GIVEN MATERIAL:
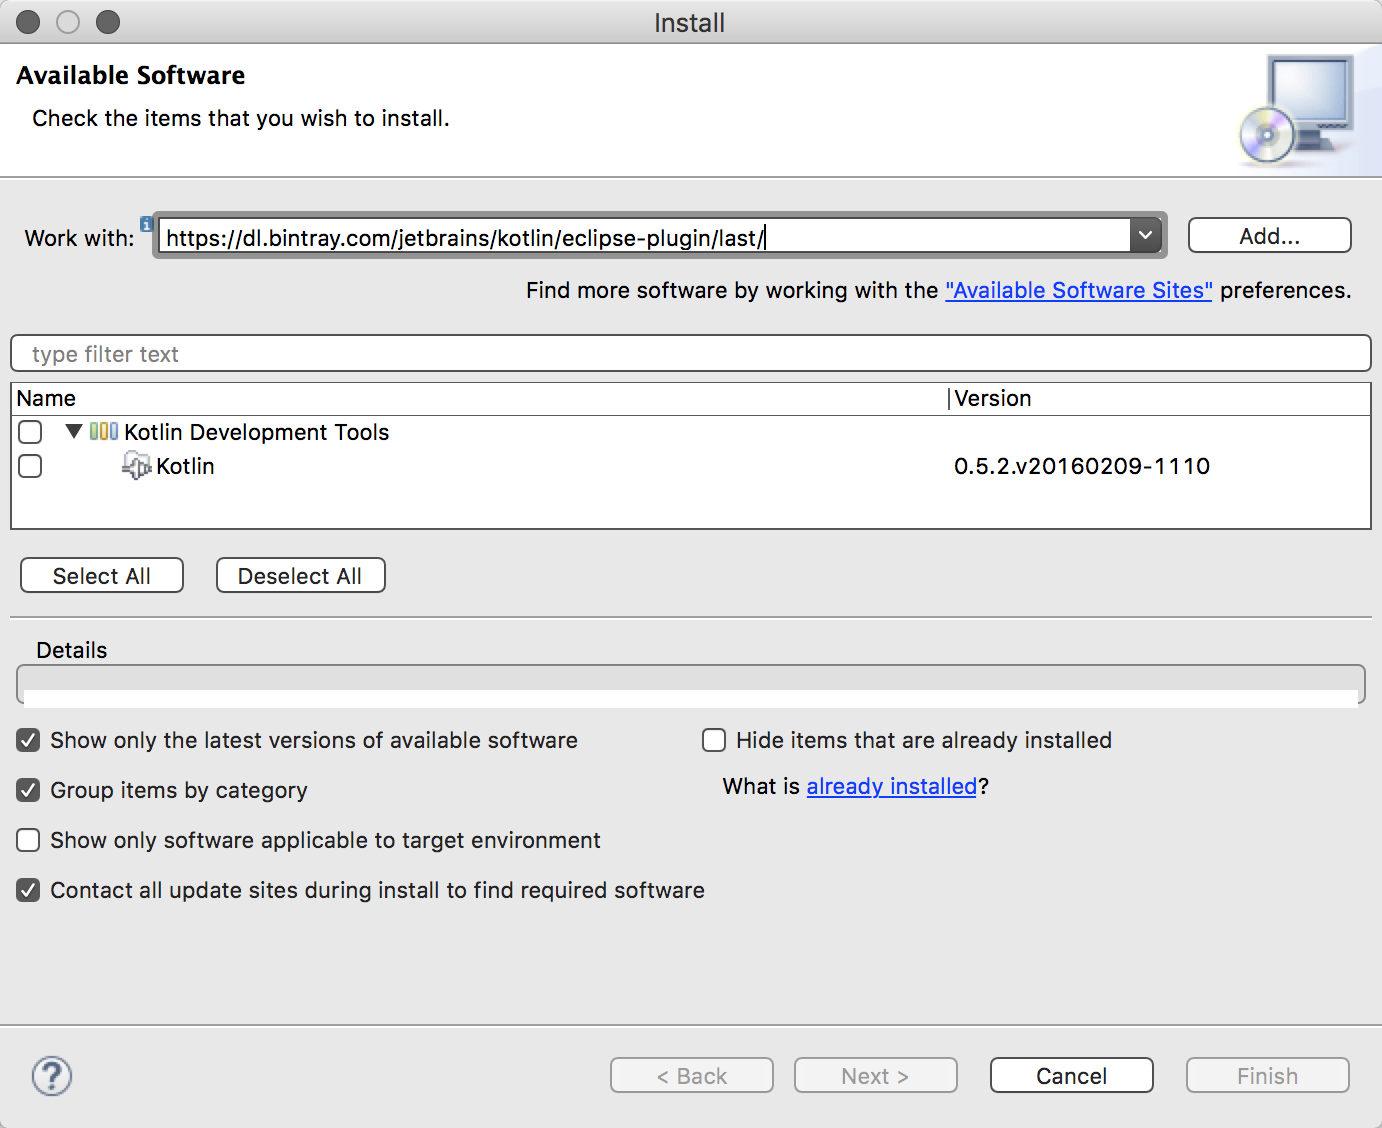 spring tool suite 3 download for windows 10 64 bit
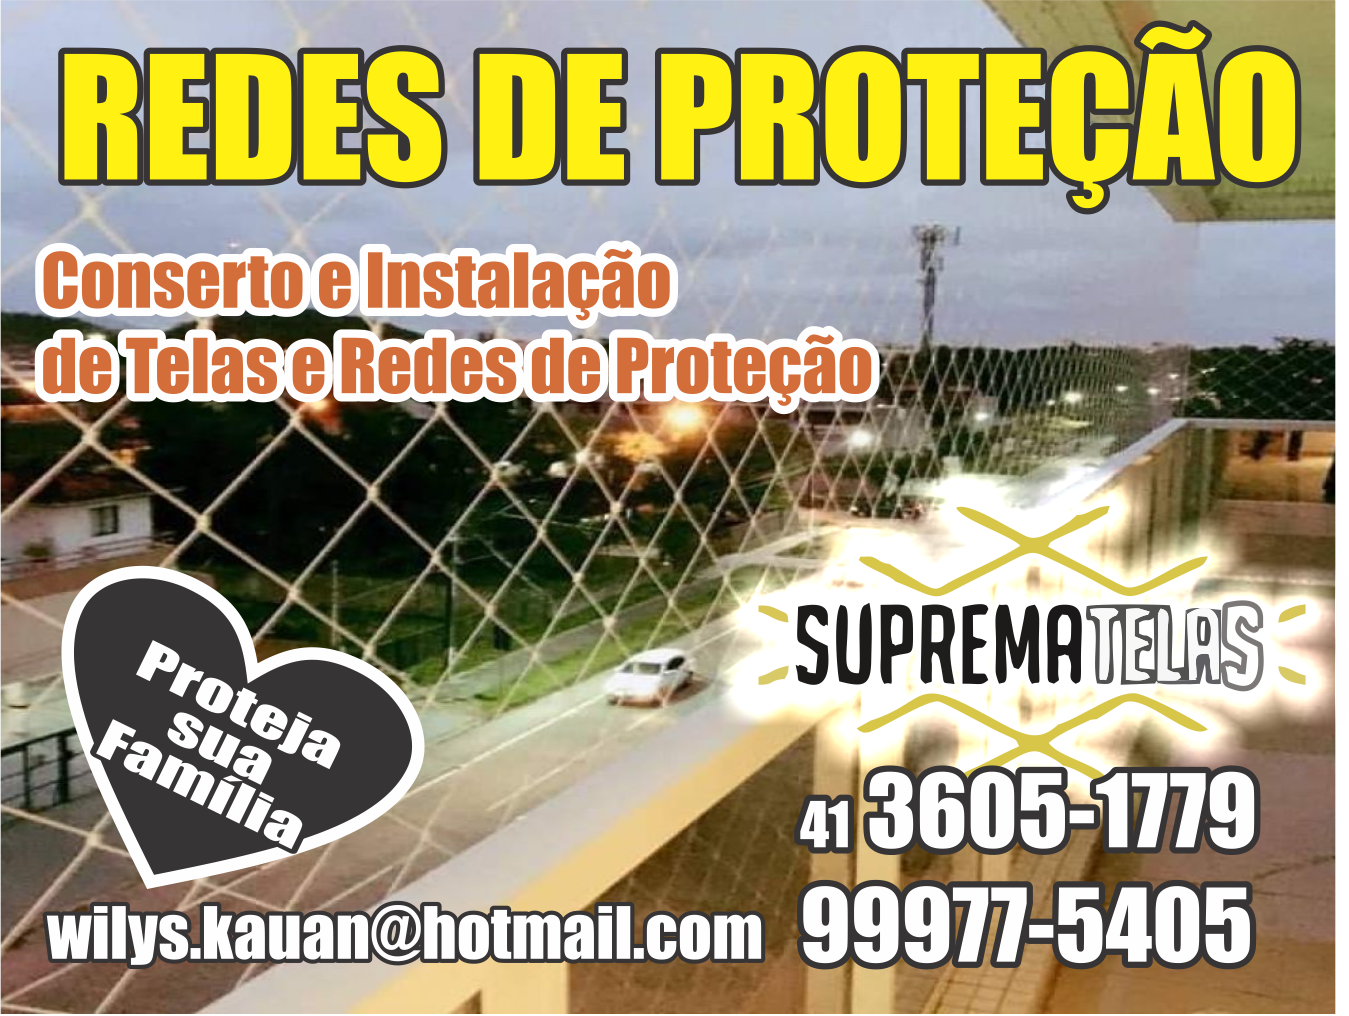 Suprematelas Redes de Proteção      RUA EVA WEIGERT DE SOUZA, 65, COLOMBO - PR  Fones: (41)3605-1779 / (41) 9977-5405
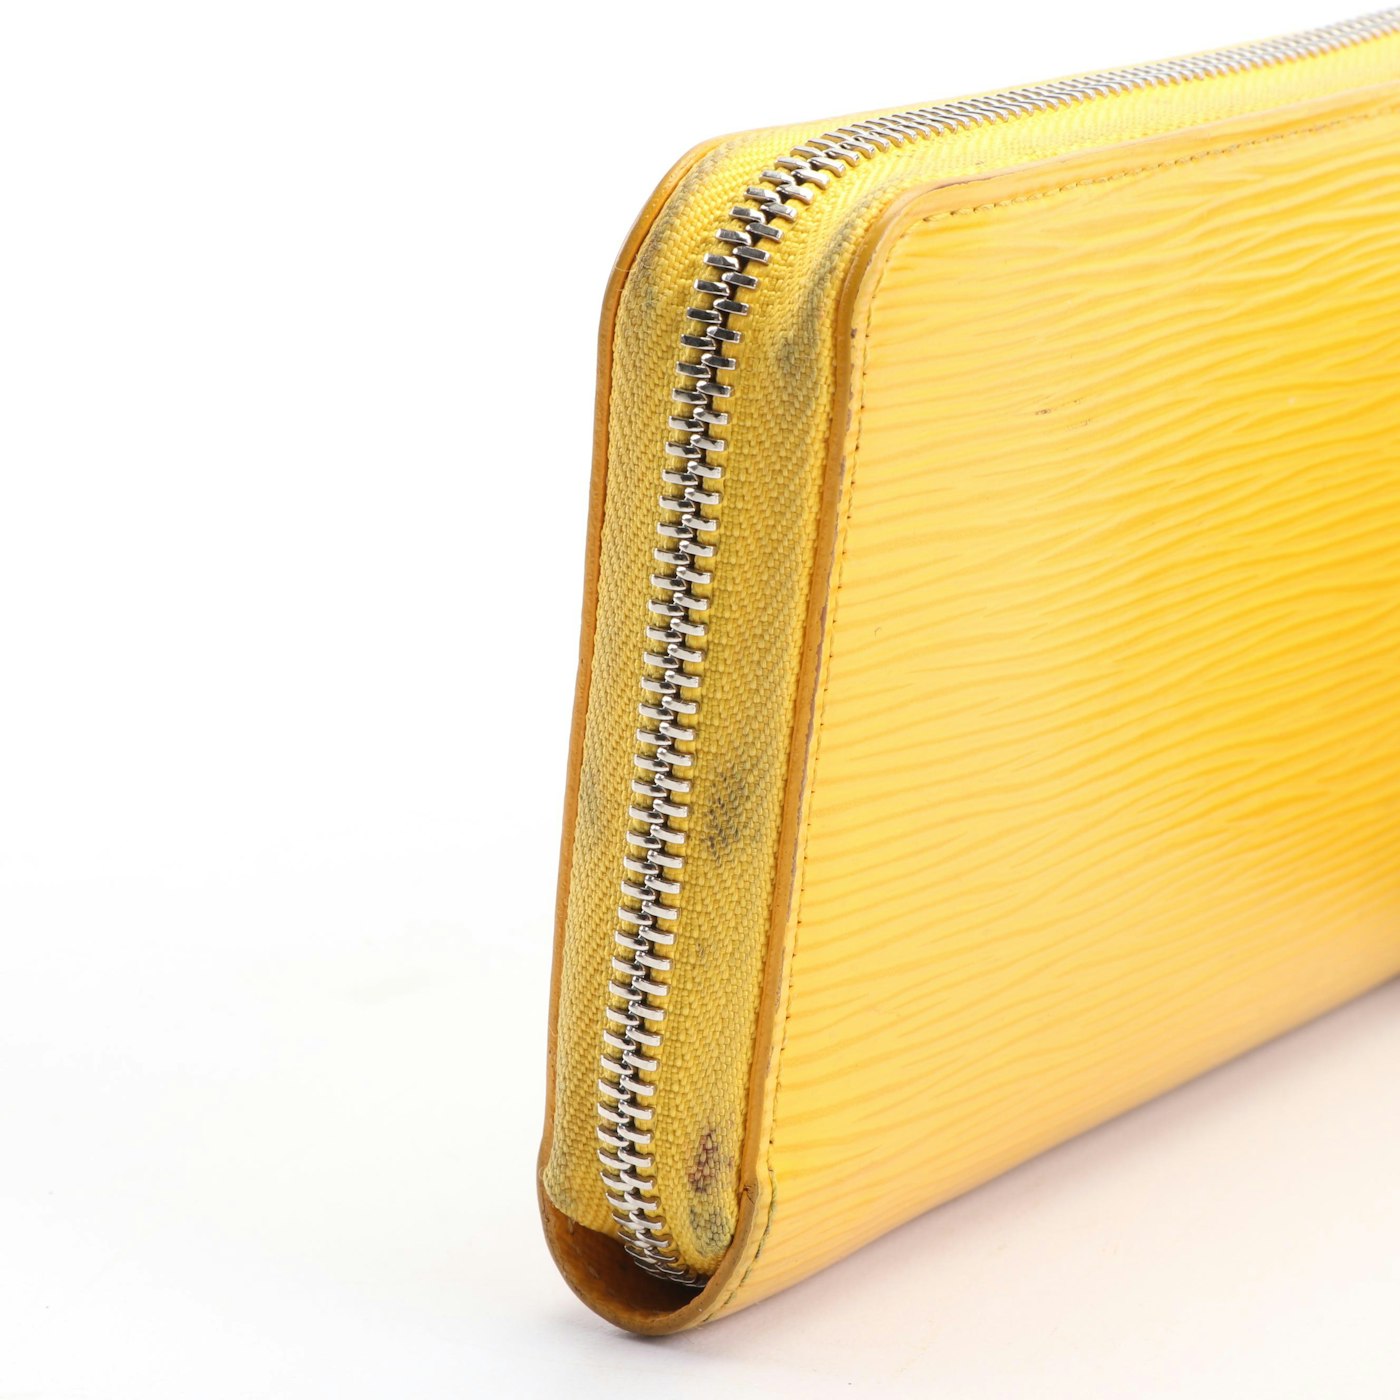 Louis Vuitton Paris Mimosa Yellow Epi Leather Wallet, Made in Spain, 2013 | EBTH

TASK ITEM: In the answer, the data should reappear exactly, with no pictures.

THE COMPLETED TASK:
 spring tool suite 3 download for windows 10 64 bit
 Suprematelas Redes de Proteção      RUA EVA WEIGERT DE SOUZA, 65, COLOMBO - PR  Fones: (41)3605-1779 / (41) 9977-5405
 Louis Vuitton Paris Mimosa Yellow Epi Leather Wallet, Made in Spain, 2013 | EBTH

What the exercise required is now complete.